- Born: 1966 Italy
- Education: Gemological Institute of America (1989), Collegio Alla Querce (1985)
- Occupation: Jewellery designer
- Years active: 1991 – present
- Website: paolocostagli.com

= Paolo Costagli =

Italian jewellery designer and gemologist

Paolo Costagli (born in 1966) is an Italian jewellery designer and gemologist. Costagli is known for using hard-to-find coloured gemstones, sophisticated colour combinations and strong architectural shapes.

==Early life ==
During his childhood, Paolo Costagli attended the private school Collegio Alla Querce in Florence. At the age of 21, after serving in the military, he moved to the United States where he enrolled in a graduate gemology course at the Gemological Institute of America in Santa Monica, California. After getting his gemologist degree, Costagli went to Muzo, Colombia and worked for several months at the emerald mines. He then moved to Bogotá where he worked for a Japanese export company specializing in emeralds.

==Career==
He returned to the United States and moved to New York City in 1991. In 1993, he started his gem and antique jewelry business, which sold colored stones. He bought signed vintage pieces from known jewelry designers and sold them. He learned how to craft jewelry from designers like René Boivin, Suzanne Belperron, and Raymond Templier. In 1995, he began designing his jewels.

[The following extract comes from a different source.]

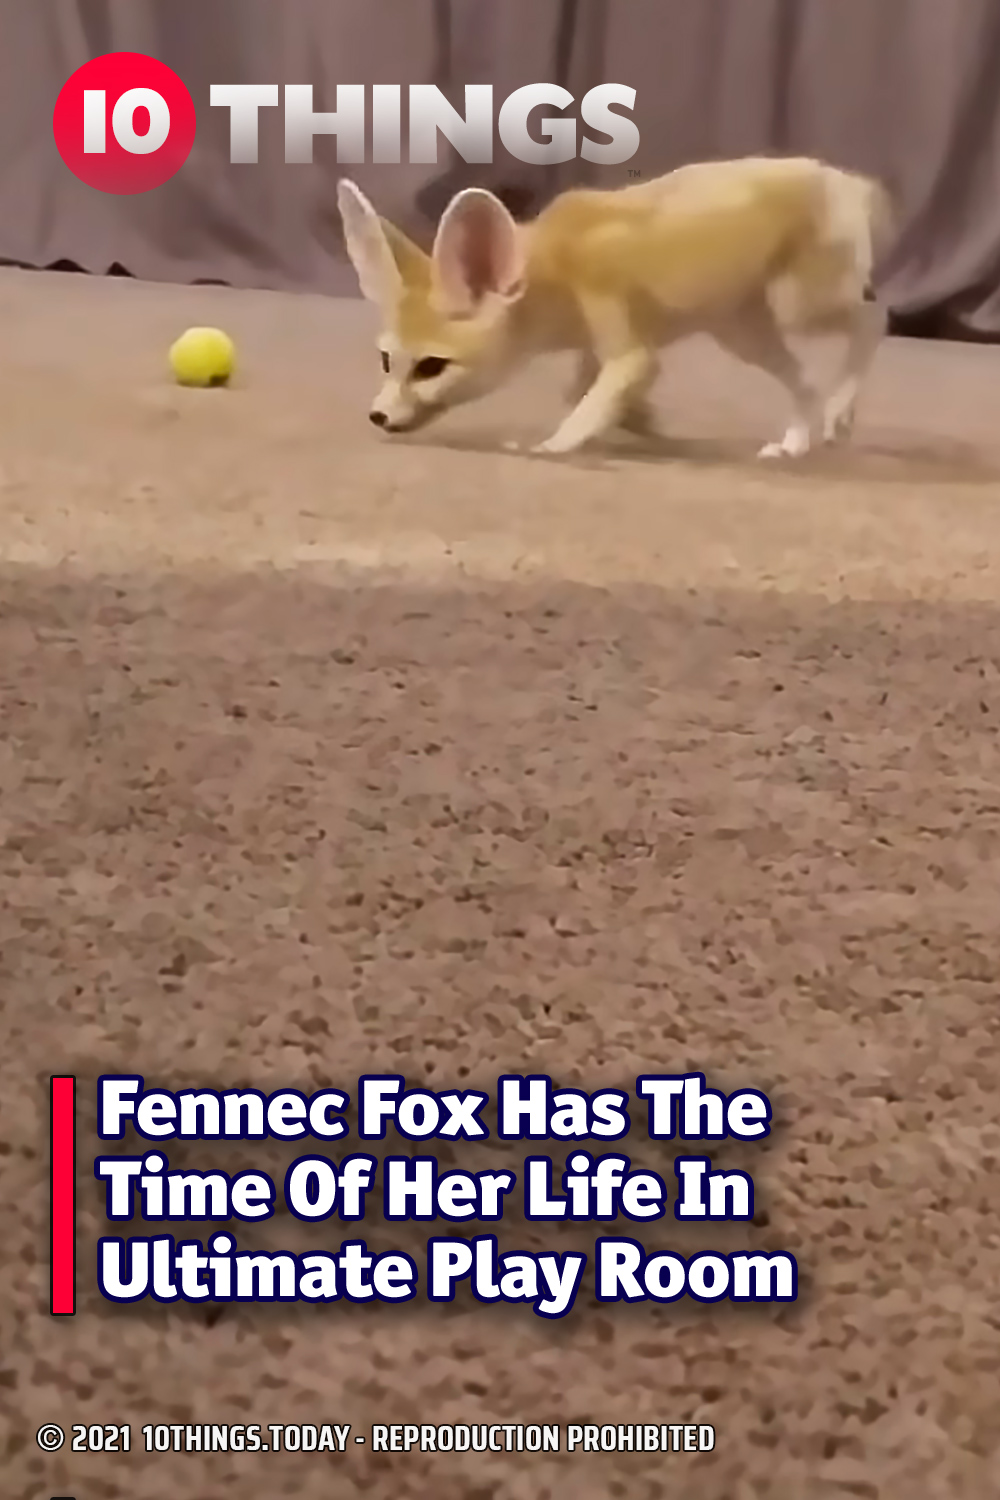 Fennec Fox Has The Time Of Her Life In Ultimate Play Room

His early collections include Florentine (2001), which was inspired by the vivid colors he saw in the Giardino dell'Iris garden in Florence, and Brillante (2003), which was inspired by a tile pattern at the Doge's Palace in Venice.

In 2008, his Brillante bracelet was included in the permanent collection of The Museum of Arts and Design.

In 2018, his company started a curated online trunk show, allowing clients all over the world to have access to the products and information behind them.

He currently resides in New York City on Madison Avenue.